坂道のH手とO崎豊

 CDが一番売れた時代に、十代の多感な時期を過ごした。


 だが、風見の心に響いた音楽は、当時の流行曲ではなかった。

 一回り上の世代にとってのカリスマ『O崎』がうみだした曲の数々だ。盗んだバイクで走りだしたり、夜の校舎の窓ガラスを割ったり、町に埋もれそうな小さな花の名前を教えてくれる名曲。

 心揺さぶる歌を教えてくれたのは、中学からの同級生だ。風見は彼に敬意を称して同級生を『先生』と呼んでいる。


 カリスマは、1992年の4月25日に亡くなった。

 命日を悲しむよりも、誕生日を祝おうというのは、先生の弁だ。


 だから、カリスマの誕生日の11月29日には、先生と語り合うようにしている。

 何年も続けていて、近年では先生と旅館を予約し、宿に酒を持ち込んでカリスマの誕生日を祝う。
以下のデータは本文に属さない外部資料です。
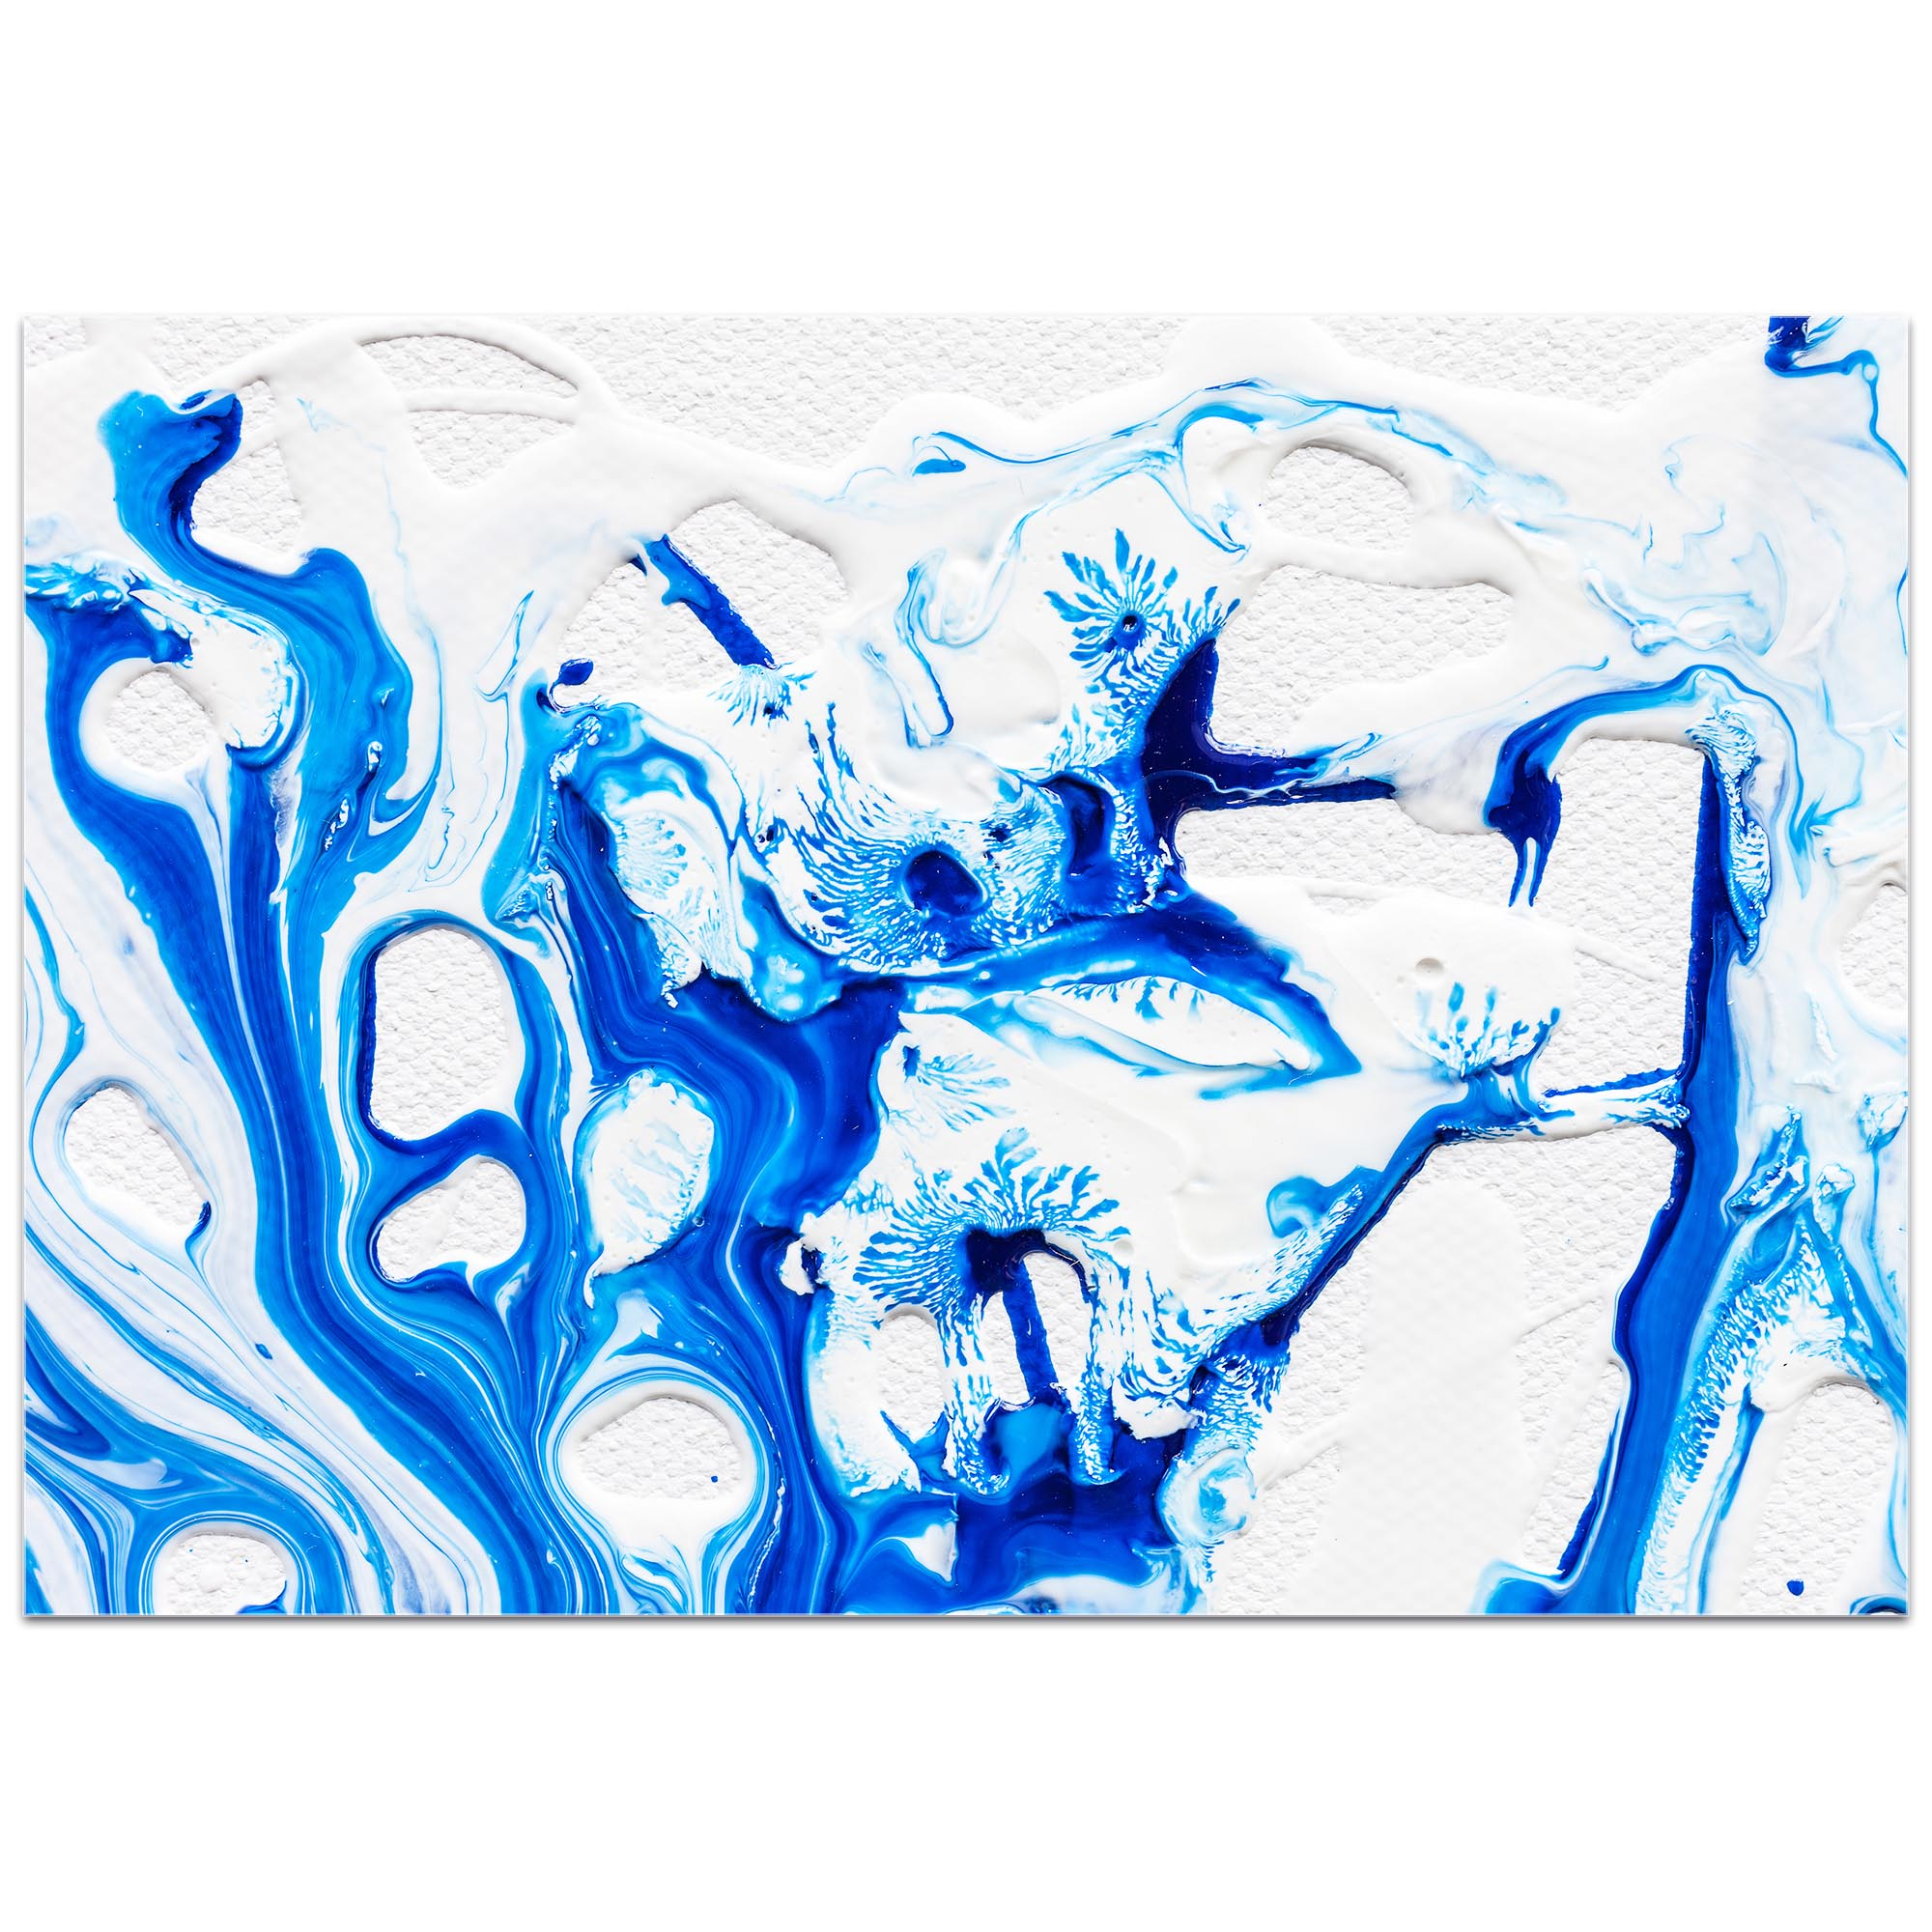 Abstract Wall Art 'Coastal Waters 3' - Colorful Urban Decor on Metal or Plexiglass - Image 2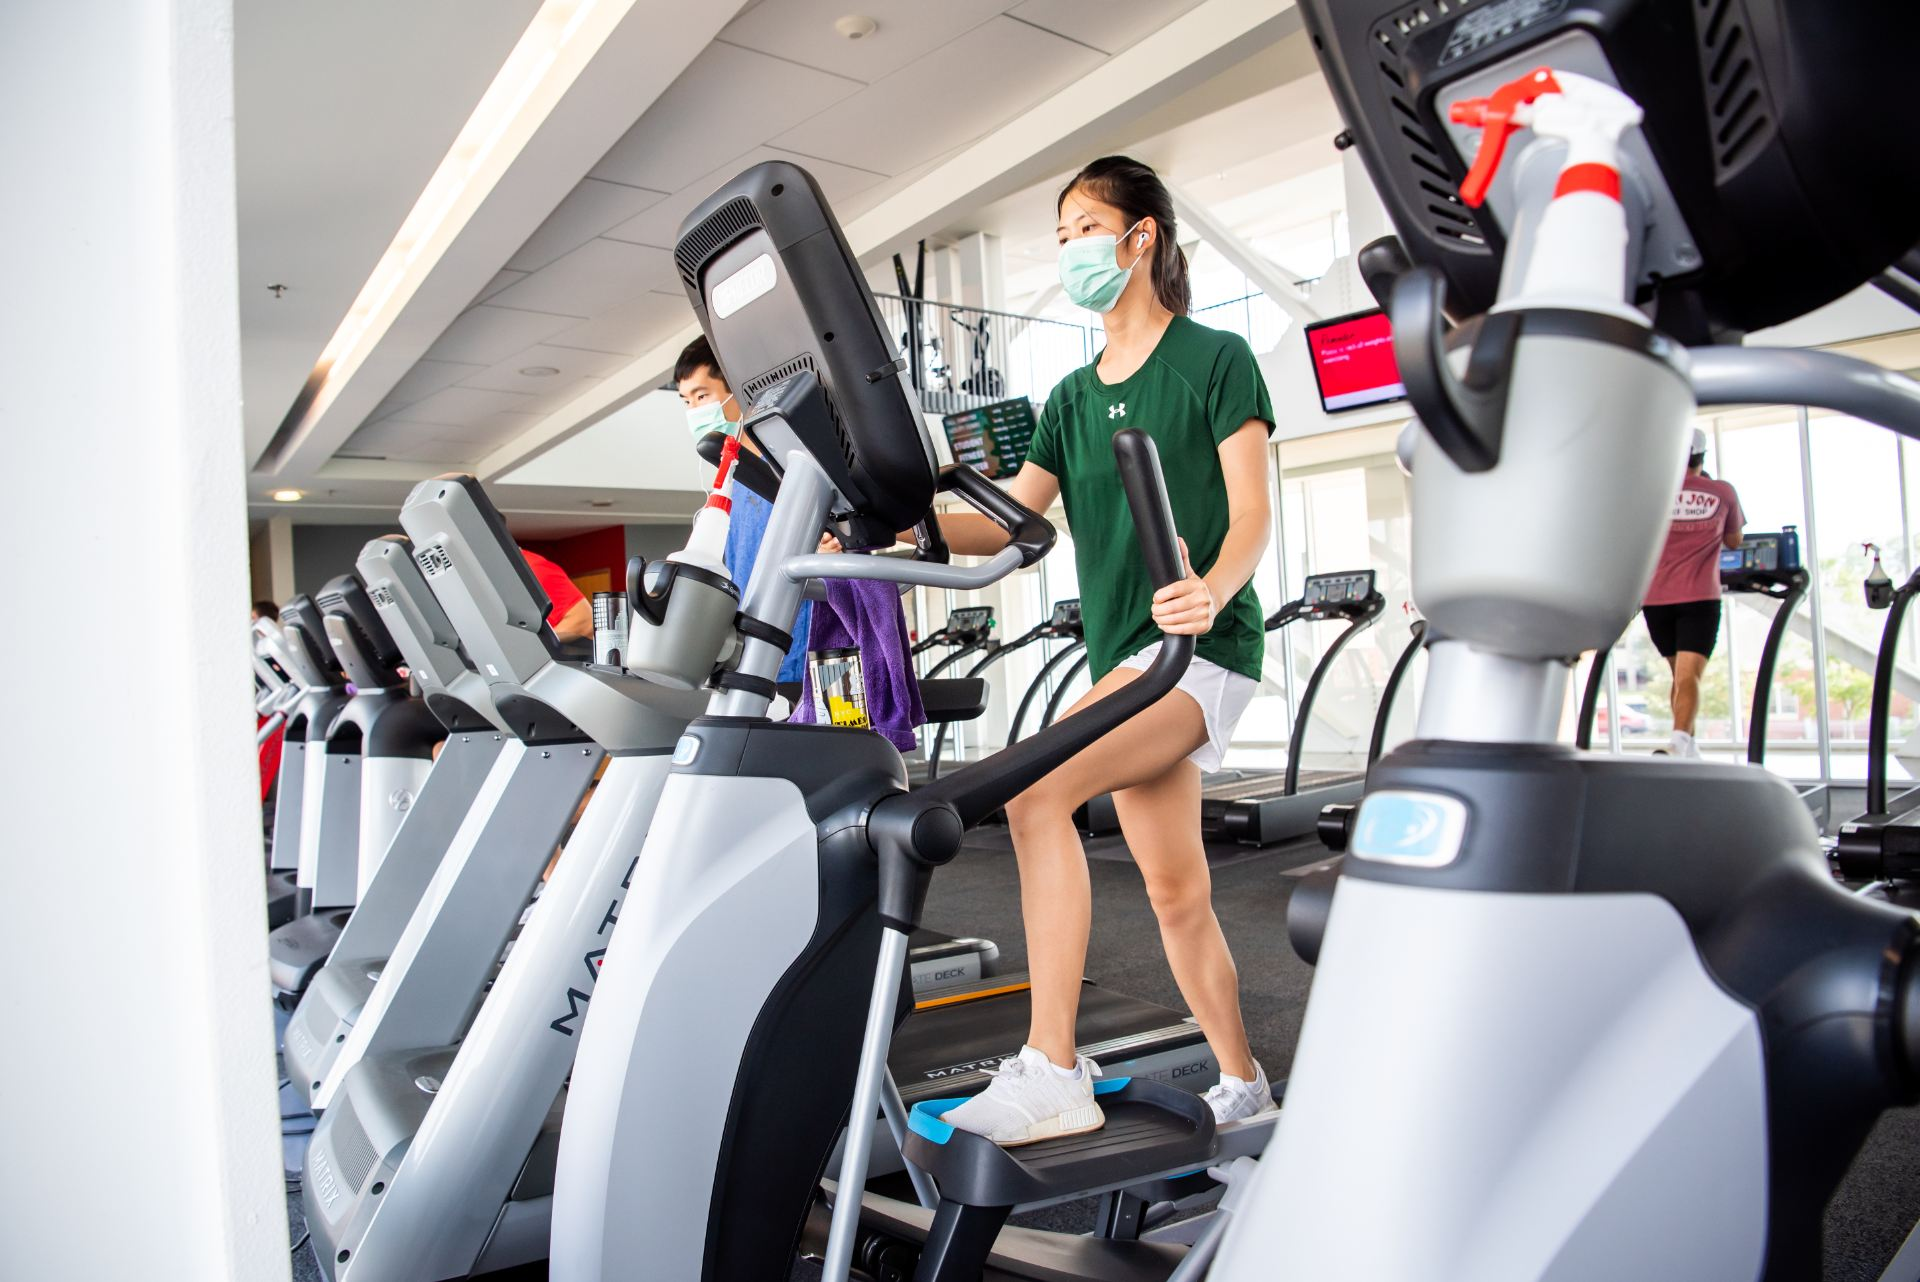 MBA student Pasinee Veerutamasen jogs on a treadmill in the Student Fitness Center.

 祝いの場に劇的な変化が訪れたのは、2016年だった。

 死者の新情報なんて、そうそう先生でも用意できなくなっていたのだろう。2016年に、新たなカリスマが表舞台にあらわれたと、先生は教えてくれた。アイドルグループの絶対的センターの『H手』について熱く語っていた。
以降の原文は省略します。